§ **Your objective**
The lines you return must be all those in the data that hold the string "Photo".

§ **Record set**
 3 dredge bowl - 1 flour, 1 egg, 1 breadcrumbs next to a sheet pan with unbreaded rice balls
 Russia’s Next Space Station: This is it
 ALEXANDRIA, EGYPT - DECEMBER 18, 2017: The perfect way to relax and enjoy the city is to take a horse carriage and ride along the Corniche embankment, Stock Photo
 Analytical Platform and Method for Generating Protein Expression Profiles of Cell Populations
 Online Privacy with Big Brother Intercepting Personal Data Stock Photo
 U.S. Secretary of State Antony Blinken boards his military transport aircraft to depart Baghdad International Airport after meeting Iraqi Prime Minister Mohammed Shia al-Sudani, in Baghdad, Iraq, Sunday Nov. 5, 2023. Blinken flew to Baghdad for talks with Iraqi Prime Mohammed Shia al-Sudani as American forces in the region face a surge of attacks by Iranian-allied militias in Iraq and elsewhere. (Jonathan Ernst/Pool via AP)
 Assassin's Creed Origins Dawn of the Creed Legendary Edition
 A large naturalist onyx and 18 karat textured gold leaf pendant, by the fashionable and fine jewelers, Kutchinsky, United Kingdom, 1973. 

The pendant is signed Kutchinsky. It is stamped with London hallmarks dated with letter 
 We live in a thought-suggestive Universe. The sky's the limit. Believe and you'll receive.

§ **Response to the exercise**
 ALEXANDRIA, EGYPT - DECEMBER 18, 2017: The perfect way to relax and enjoy the city is to take a horse carriage and ride along the Corniche embankment, Stock Photo
 Online Privacy with Big Brother Intercepting Personal Data Stock Photo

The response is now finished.